Partiram imediatamente de regresso a Jerusalém e encontraram reunidos os Onze e os que estavam com eles, que diziam:

«Na verdade, o Senhor ressuscitou e apareceu a Simão».

E eles contaram o que tinha acontecido no caminho e como O tinham reconhecido ao partir o pão.


Comentário

Enquanto celebramos a Páscoa, contemplamos de novo o caminho para Emaús, acompanhando Cléofas e o outro discípulo, que dialogam com o seu incógnito companheiro. A vivacidade do relato facilita-nos unirmo-nos à comitiva, e descobrimos que cada um de nós foi alguma vez Cléofas.

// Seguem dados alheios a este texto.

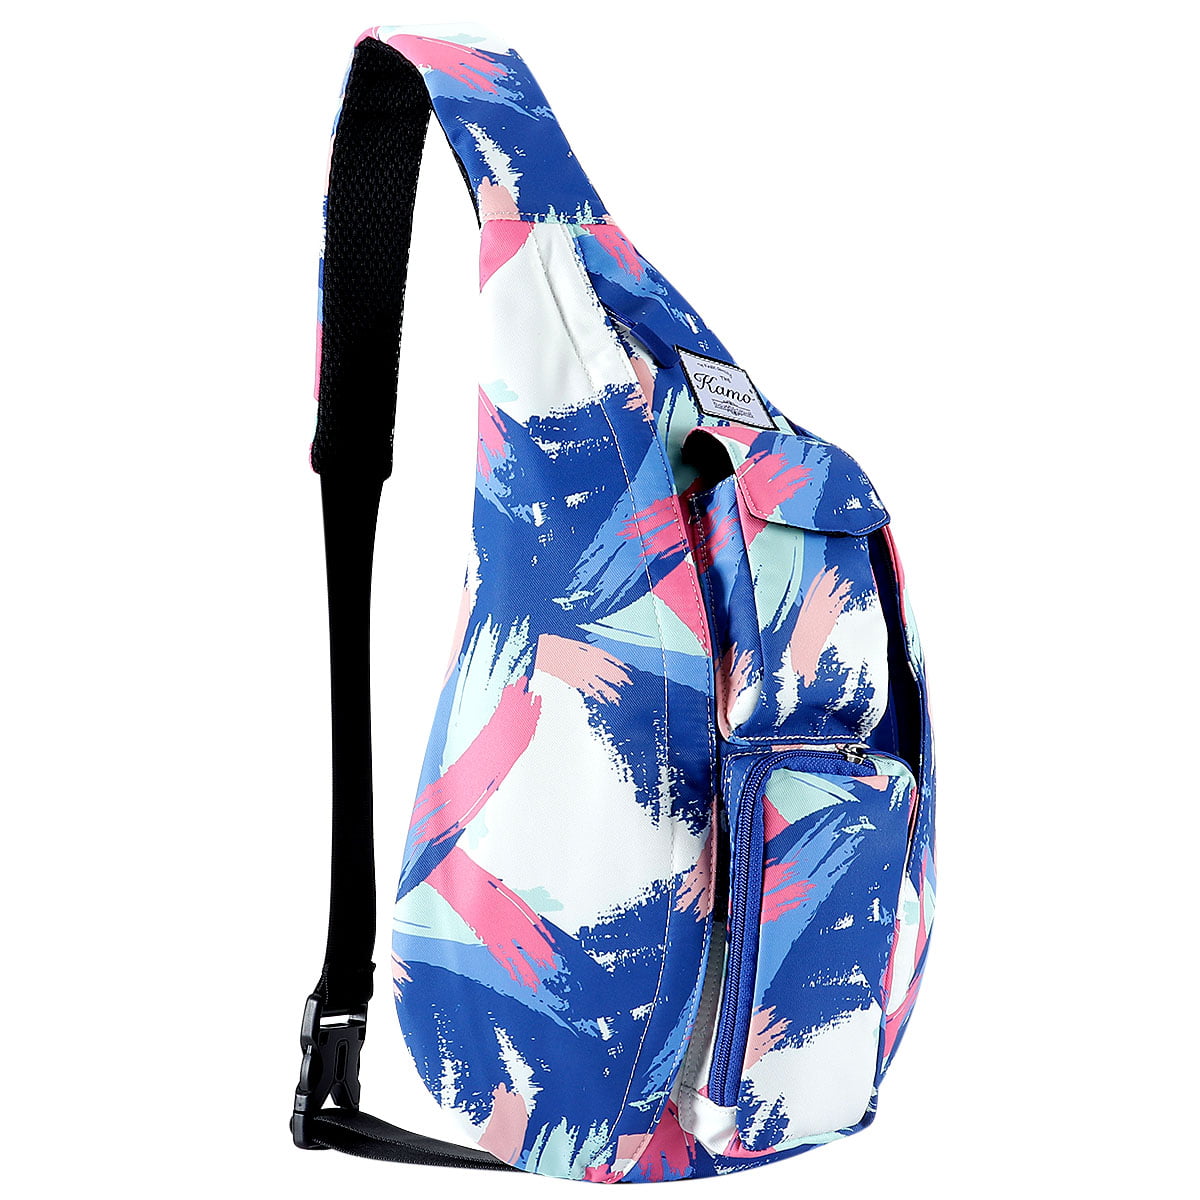 Sling Backpack Water proof Backpacks Sling Shoulder Chest Pack Crossbody Bag for Women Men Girls Boys Travel Daypack

A experiência de um passado melhor, umas esperanças que não se realizaram encaminham-nos para a nostalgia, a tristeza e a derrota. Não tínhamos contado com o autor da Vida, que dá sentido à nossa.

E Jesus vem ao nosso encontro, como o pastor que vai em busca da ovelha perdida (cf. Mt 18, 12). Ele deu a vida pelas suas ovelhas, considera-nos seus amigos; de facto, a sua Palavra encheu-nos, acreditámos nas suas obras, e até aceitámos com humildade as suas censuras. Ele quer salvar-nos a todo o custo, porque «esta é a vontade d’Aquele que me enviou: que não perca nenhum dos que Ele me deu, mas que o ressuscite no último dia» (Jo 6, 39).

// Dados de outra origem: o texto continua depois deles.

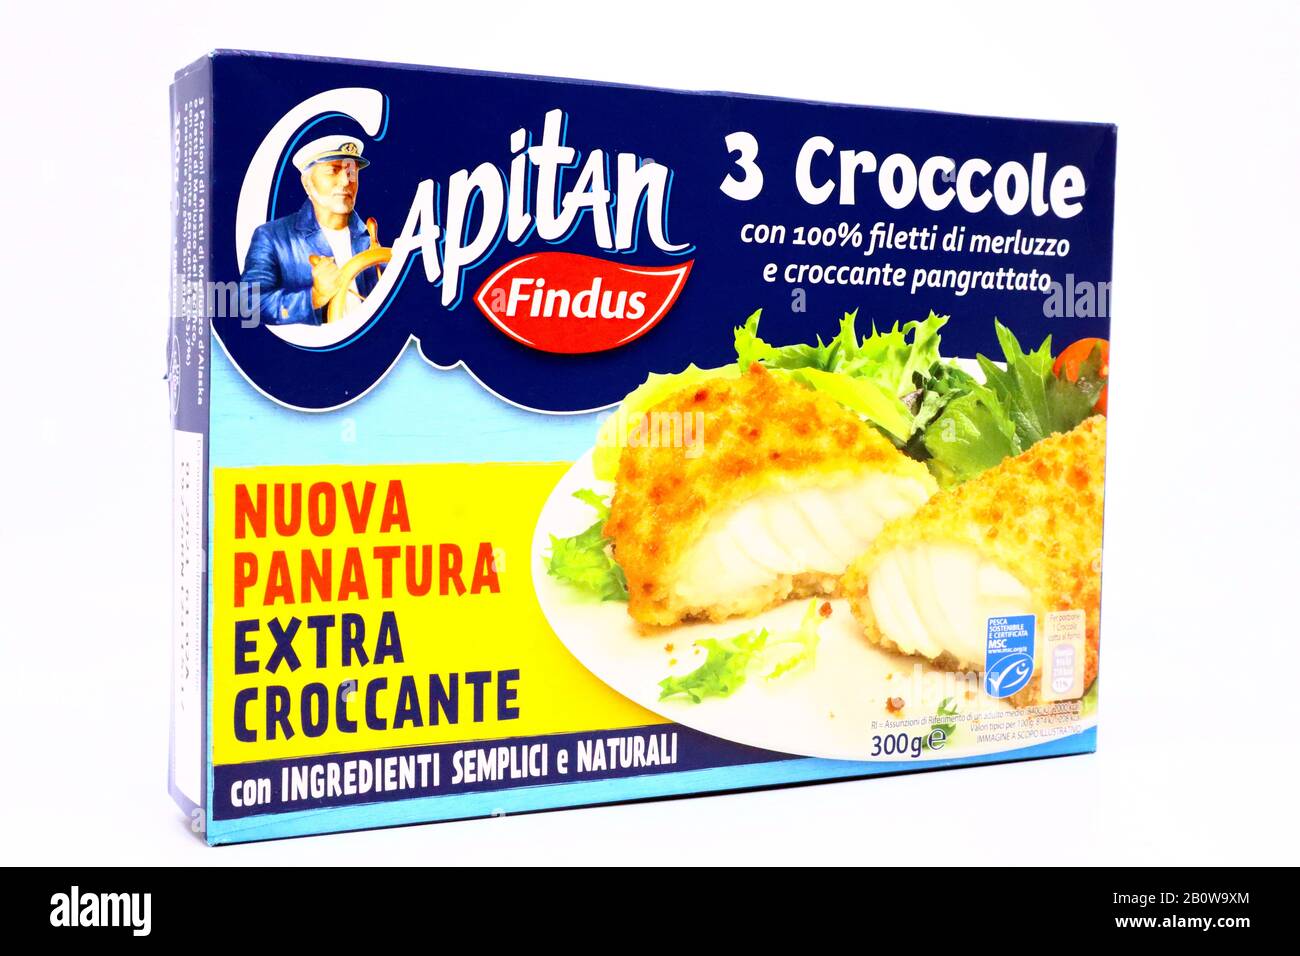 Captain Findu Merluzzo Filetti Di Pesce In Croccante Breadbriciole. FindUs  è un marchio di alimenti surgelati di Nomad Foods Group Foto stock - Alamy

Ficamos maravilhados com a maneira simples de Jesus entrar em cena: incógnito, perguntando e ouvindo o motivo daquela triste discussão. A seguir, são os discípulos que o ouvem. E as coisas começam a mudar. Da tristeza passam para o ardor, de O considerar um estrangeiro, a querer que fique com eles e a reconhecê-l'O vivo quando partiu o Pão. Jesus fez-se para os seus discípulos Caminho, Verdade e Vida (cf. Jo 14, 6).

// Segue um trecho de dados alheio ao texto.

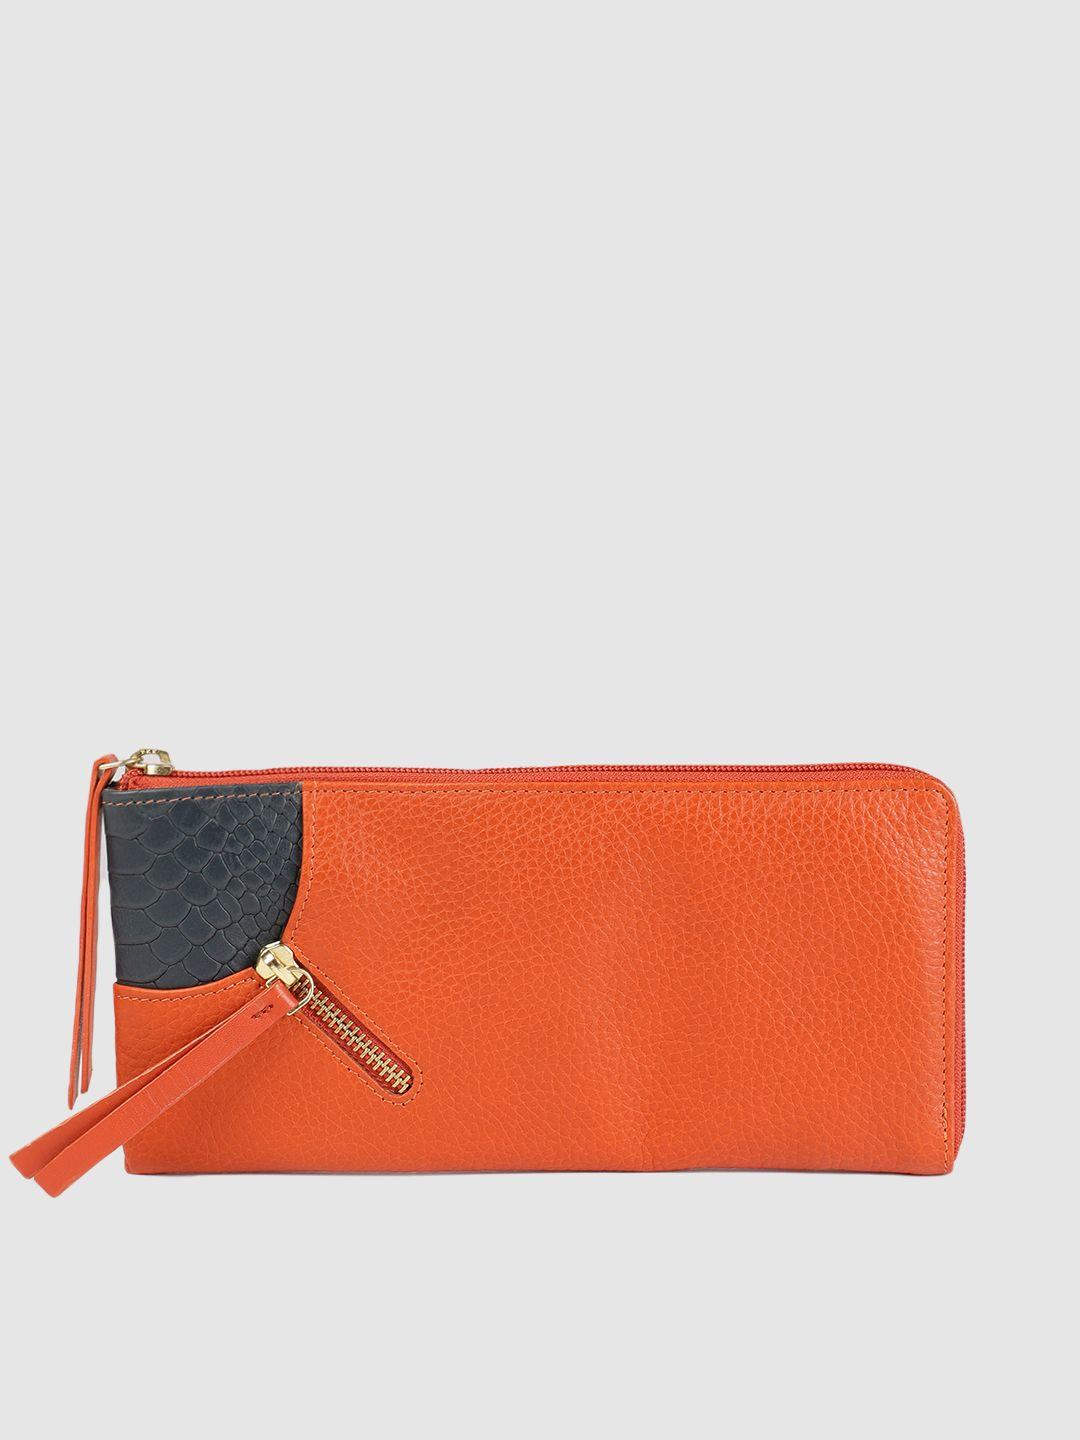 hidesign women orange textured zip around wallet

O Mestre deseja continuar a irromper assim na nossa vida diária, quando nos perdemos nas nossas tristezas e desilusões. E quer que nós também façamos assim com os nossos amigos. S. Josemaria, ao meditar esta cena, gostava de considerar que o cristão também é Cristo que passa: «Cada cristão deve tornar Cristo presente entre os homens; deve atuar de tal maneira que os que convivam com ele se apercebam do bonus odor Christi (2Cor 2, 15), do bom odor de Cristo; deve atuar de modo que, através das ações do discípulo, se possa descobrir o rosto do Mestre»[1].


[1] S. Josemaria, Cristo que passa, n. 105.